Hi Vinay, I have worked on some payment apps. And each one of them required cvv to be enetered at the time of payment. Now having a back view would not be good UX (in my opinion) because it will add another step for the user. CVV edittext should be there at the front side.

[vinaygaba]

Hi Vijay, I do agree to your point about adding that extra step would be bad UX. About adding the CVV, I was under the impression that it would raise a security concern. But since you have worked on similar apps before, I trust your judgement and personally think that the second option would be a good placement option. It would be really help if u could show screenshots as you are iterating(only if its not a lot of work) to give a better idea as sometimes things look better in a picture than based on a description :) Thanks again for contributing!
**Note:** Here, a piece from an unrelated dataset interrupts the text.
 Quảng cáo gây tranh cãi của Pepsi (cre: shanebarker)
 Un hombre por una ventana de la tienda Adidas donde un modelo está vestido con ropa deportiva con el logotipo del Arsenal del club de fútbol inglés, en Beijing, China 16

Really appreciate it!

On Sun, Jun 21, 2015, 1:11 PM Vijay Rawat notifications@github.com wrote:

Hi Vinay, I have worked on some payment apps. And each one of them required cvv to be enetered at the time of payment. Now having a back view would not be good UX (in my opinion) because it will add another step for the user. CVV edittext should be there at the front side.

— Reply to this email directly or view it on GitHub https://github.com/vinaygaba/CreditCardView/issues/3#issuecomment-113871254 .

[vijayrawatsan]

Its a security concern only if you save any of the data related to credit card in your app. I will try to give you some screen shots later in the evening if possible. Right now contributing to https://github.com/javiersantos/MLManager Can only contribute on weekends for few hours.

Thanks

[vijayrawatsan]

Something like this.

[vinaygaba]

Alright Vijay! Looks good! I can take this up if you haven't started working on this and are busy :)

[vijayrawatsan]

You can take it up if you are gonna work on this winthin few days. I might not have enough time during weekdays. I actually started working on this today(screenshot is from emulator itself), but can't complete as I had to consult regarding the UI with you. I have a few more suggestions will put them up here soon.

[vinaygaba]

Sure Vijay that sounds good. I will try to close this by today and add it in the next minor release along with package change.

[vinaygaba]

Hi Vijay, So I had posted the link to this library on this reddit thread and I got some really valuable suggestions and feedback. One of them said that:

"PCI compliance dictates that you shouldn't store a combination of three items in any database anywhere (unless you work for the credit card companies themshelves) when it comes to credit cards. It's been a while since I've done this but from what I remember, that combination is the credit card number, expiration date, and cvv number. The reason for this is a guess but it seems obvious to me. If you have the combination, you can make transactions on the user's behalf. With this in mind, you might want to consider throwing some type of exception to discourage developers from storing the combination. If you are displaying the combination on the card without any interaction from the user prior, it means you are storing the data somewhere."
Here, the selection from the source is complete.